The material below holds pictures, which are to be left out; copy exactly the lines from the one with "Smart Health & Fitness Equipment" through the one with "Wedding Decorations At".

• [DATA TO PROCESS]:
::::::::::
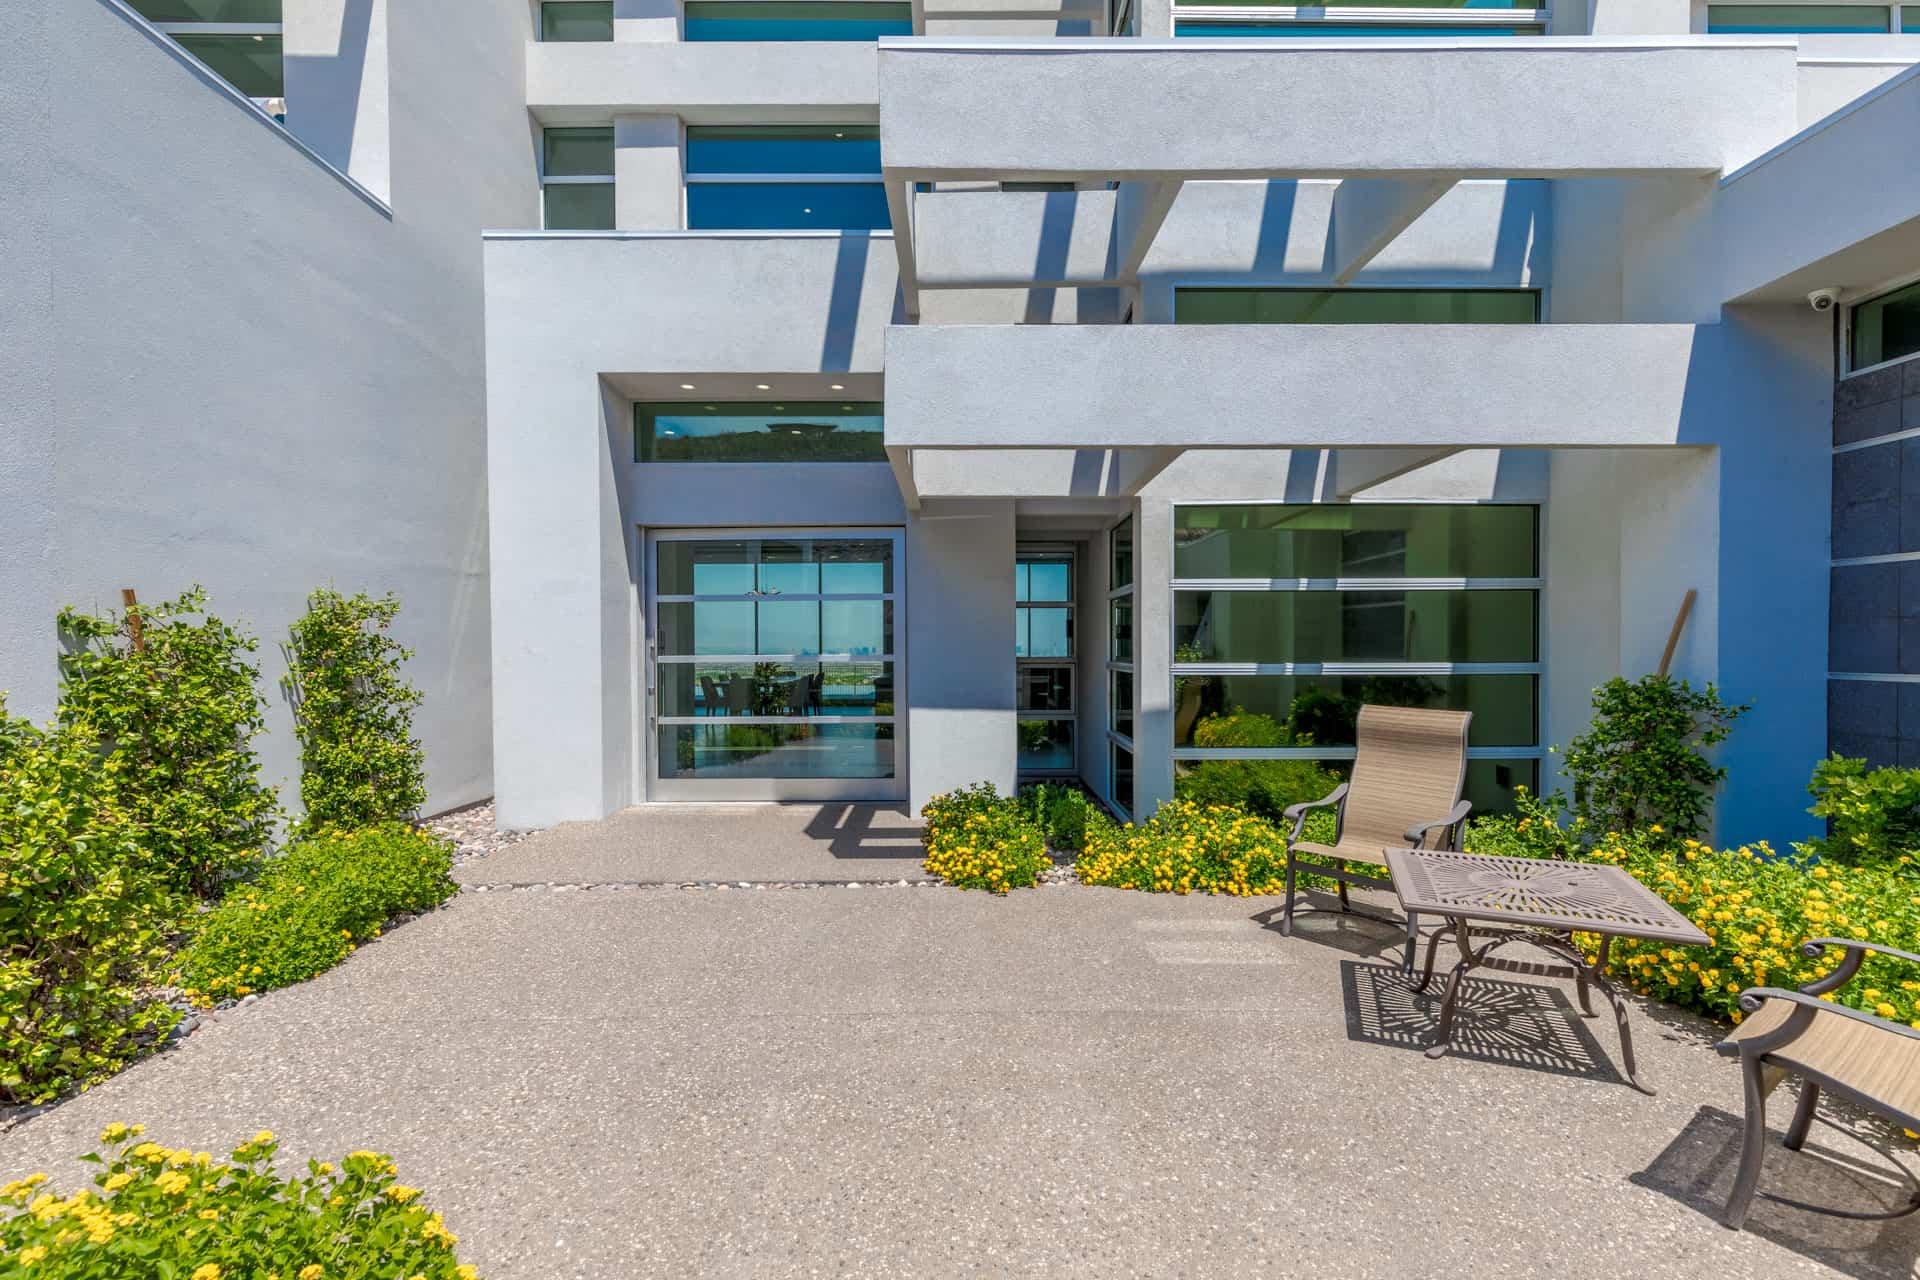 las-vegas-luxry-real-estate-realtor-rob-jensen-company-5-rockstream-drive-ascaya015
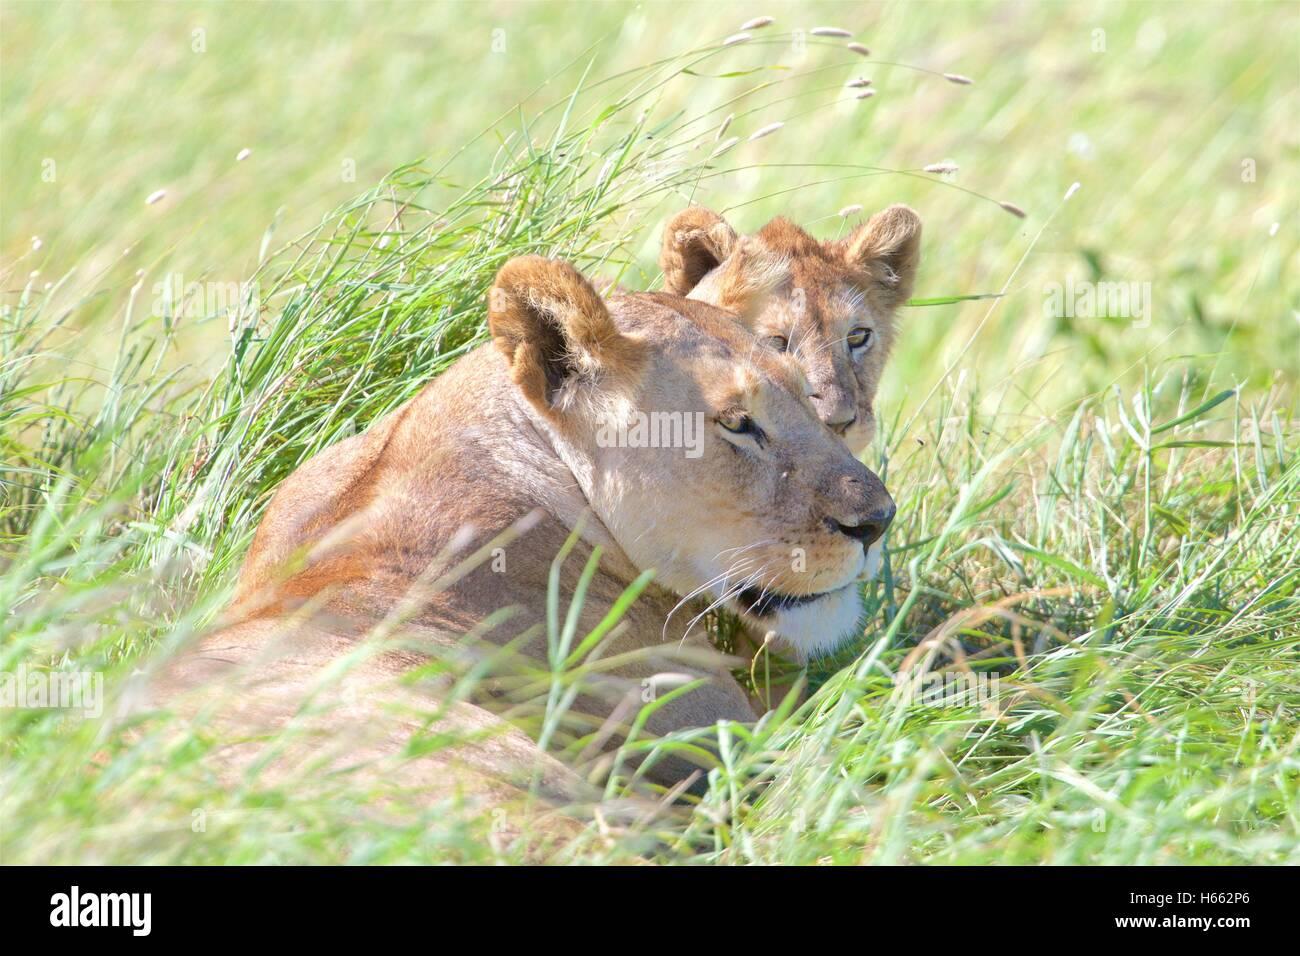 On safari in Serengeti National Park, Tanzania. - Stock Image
::::::::::
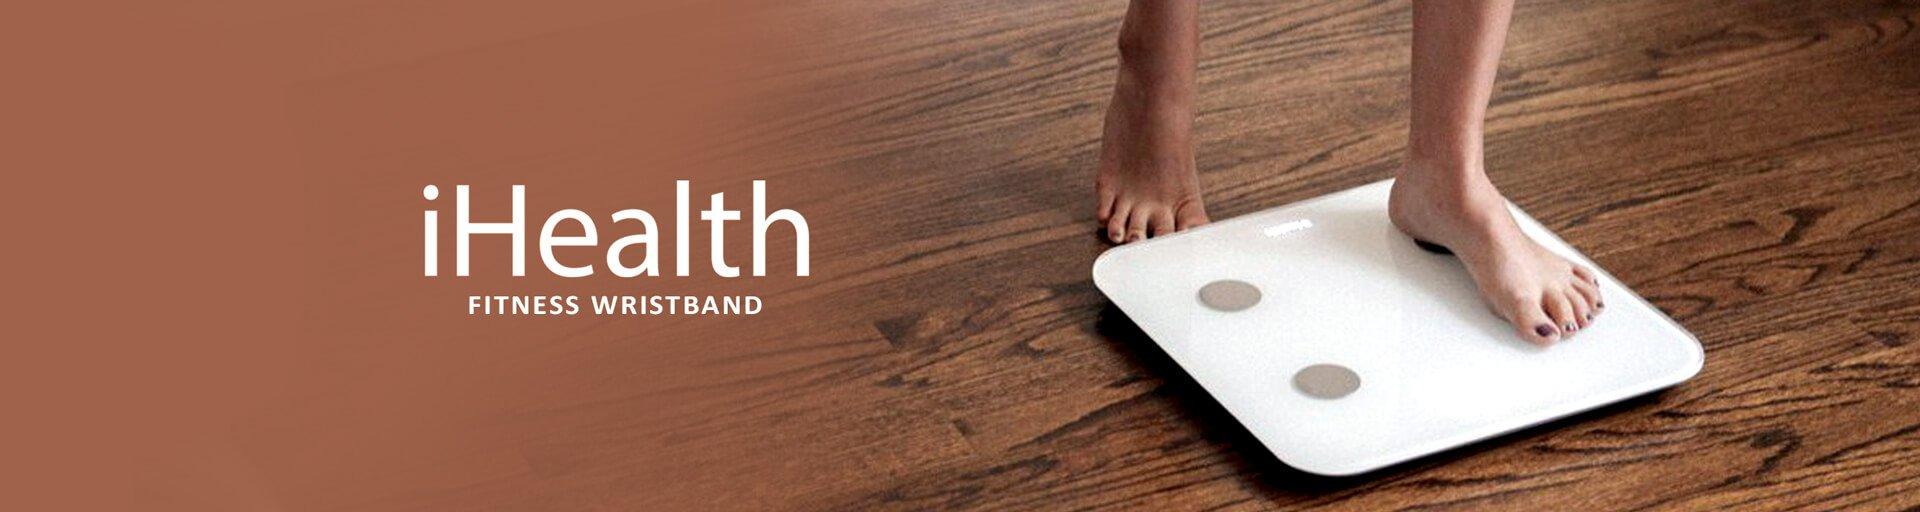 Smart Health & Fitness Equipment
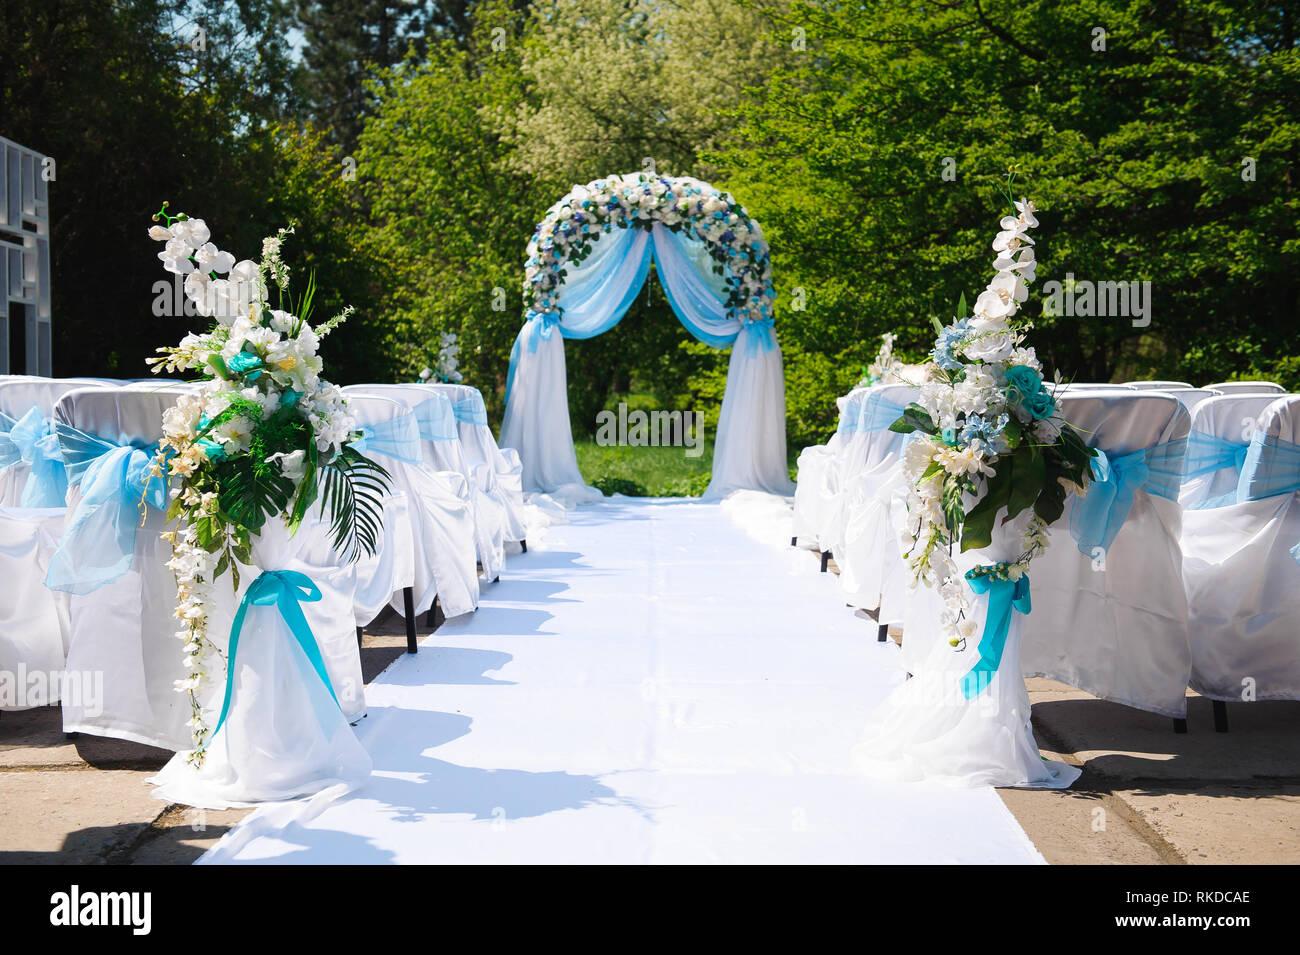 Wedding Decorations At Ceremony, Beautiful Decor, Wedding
::::::::::
• [RESPONSE FOR THIS EXERCISE]:
 Smart Health & Fitness Equipment
 Wedding Decorations At Ceremony, Beautiful Decor, Wedding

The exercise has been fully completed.